Lower valuations for cryptocurrencies and companies at this current stage could be catalyzing greater interest in acquisitions.
M&As are an opportunity for smaller projects that may not have survived alone to make it through the bear market while enabling important innovations to be preserved. Deals also help projects remove excess capacity, which helps fuel long-term profits.
Market uncertainty can lead to bold decisions that are survival-focused, which can guide us toward future success. To be sure, there are valid concerns about market consolidation given the industry’s ethos of decentralization, particularly if the acquisitions are led by centralized or Web2 companies. However, times like these can equally promote the coming together of DAOs, projects, and founders to create stronger and more sustainable protocols and ideas.
- Stronger DAOs
Let’s be honest. Many people who were overly leveraged with crypto assets have been hurt. Many DAOs and projects had their treasuries cut in half or worse.

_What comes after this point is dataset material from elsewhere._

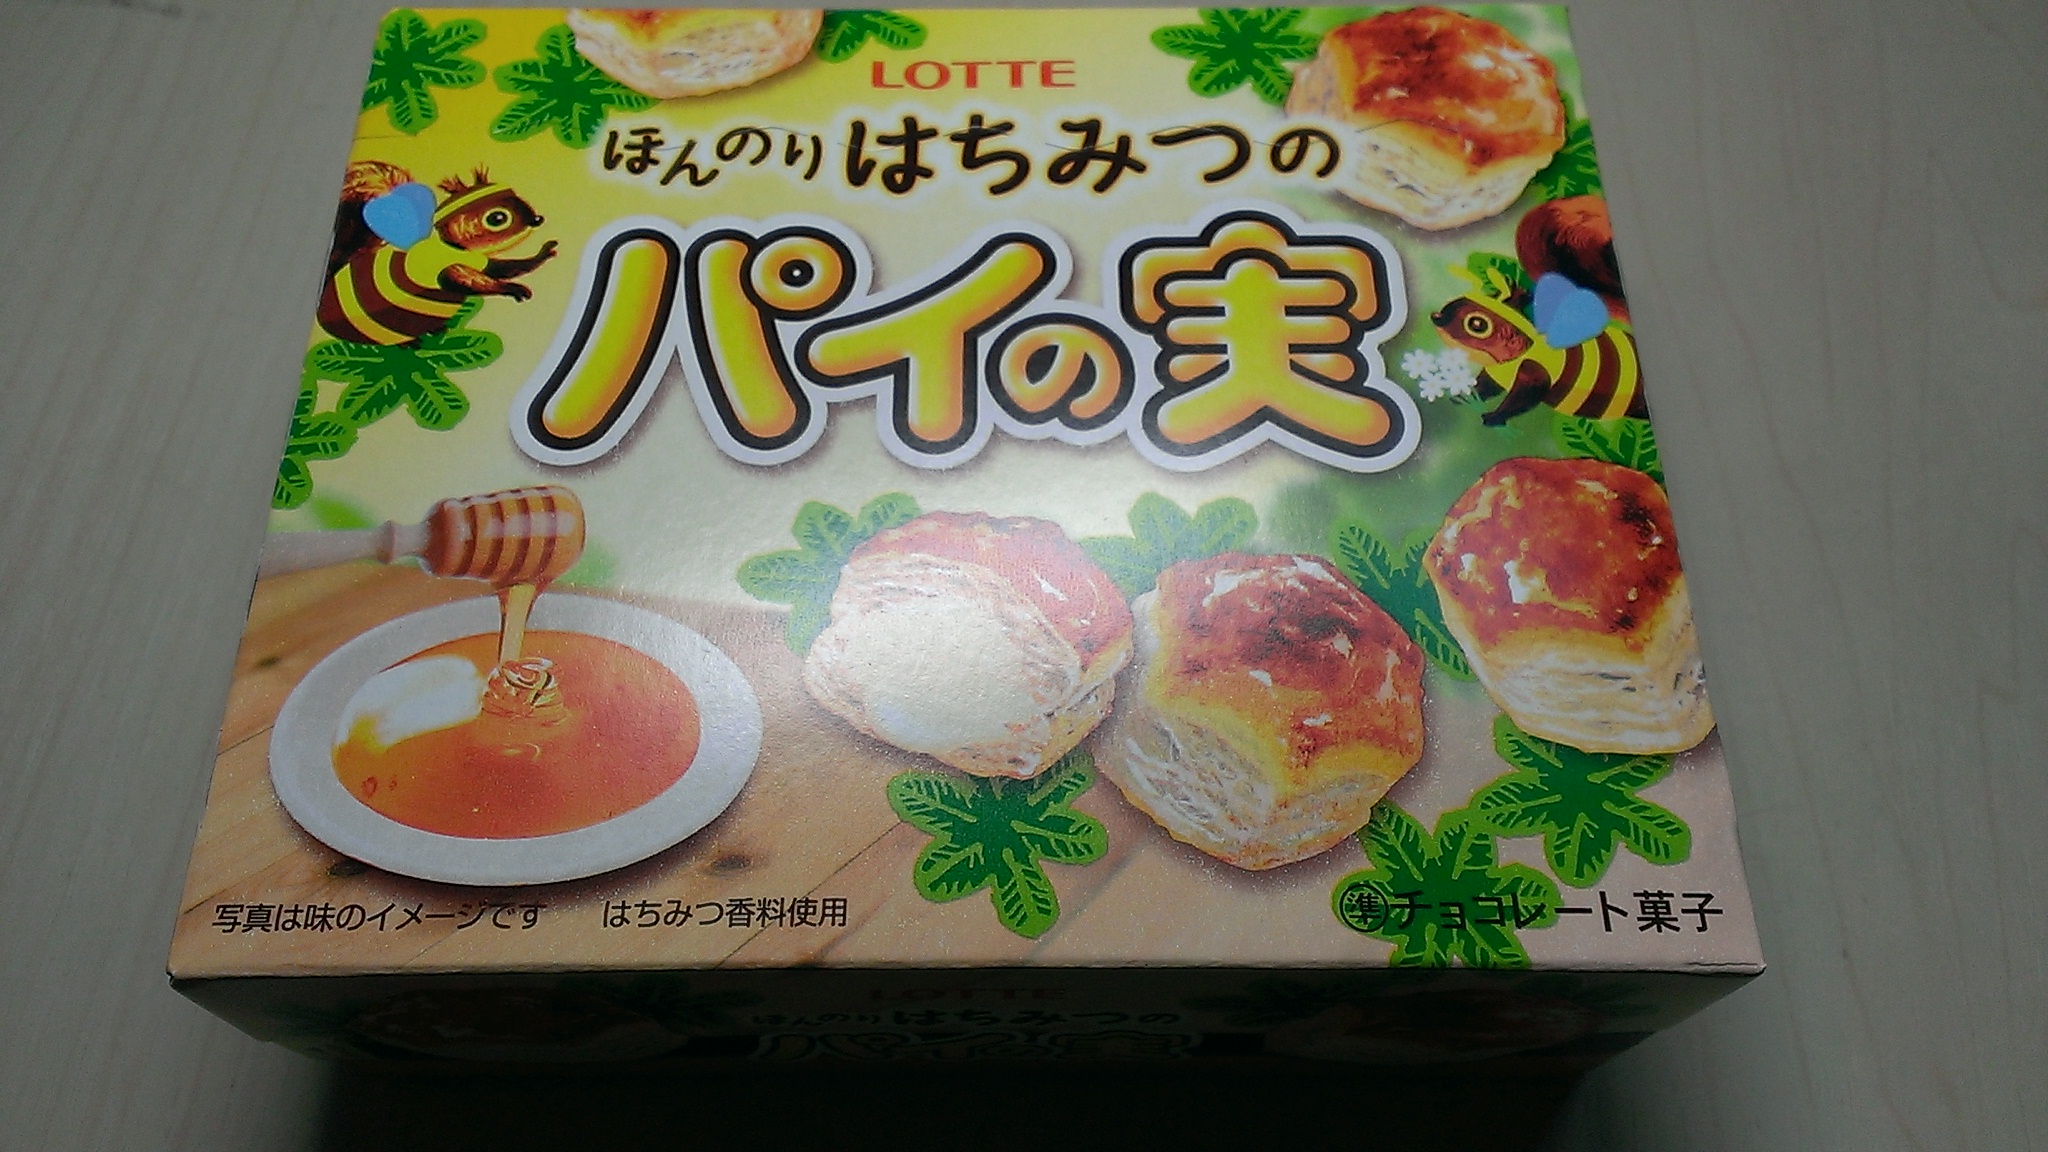 コンビニ スーパーの新作お菓子 アイスの体験レポート Lotteの代表作パイの実です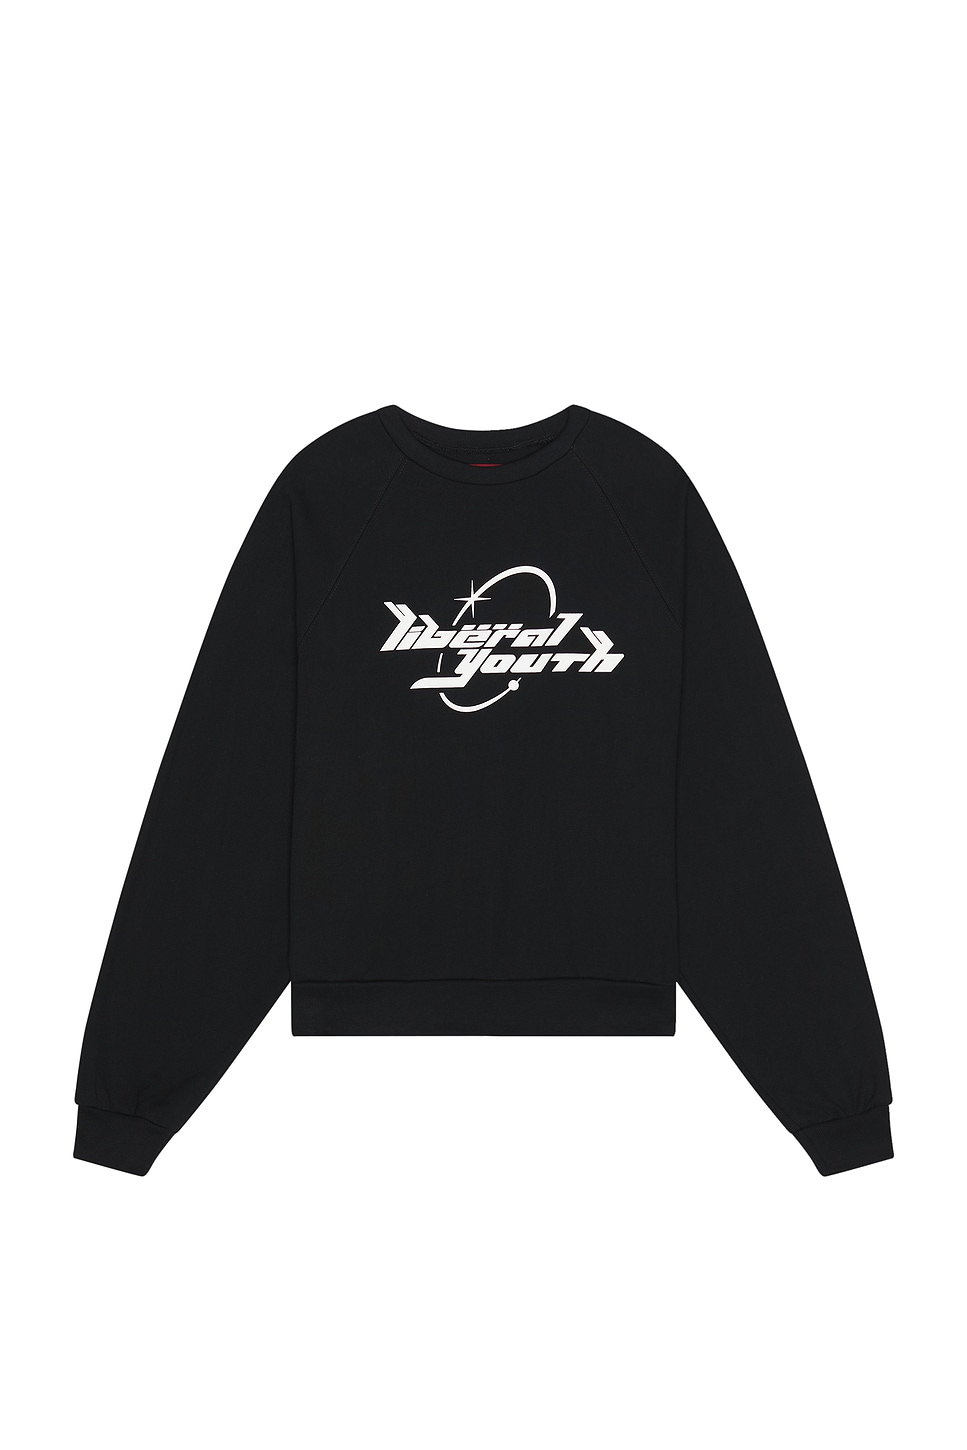 90s Sweatshirt Knit in Black

These are tough times for people, and many will be turned off of the crypto space forever.
But for those founders, crypto workers and DAOs who stick with it, they will come out the other side stronger than before, now armed with new solutions, tools, and ideas that will help shape and prepare us for the next bull run.
So let’s set aside the discourse of this being a bear market, because bear markets can be bulls if your focus is innovation.
Clayton Roche is the Costa Rica-based head of community and communications for UMA, an oracle for Web3. Clayton was previously a country ambassador for MakerDAO and a community manager for Mosendo, a DAI wallet. He also started a decentralized finance community called DeFi Nation.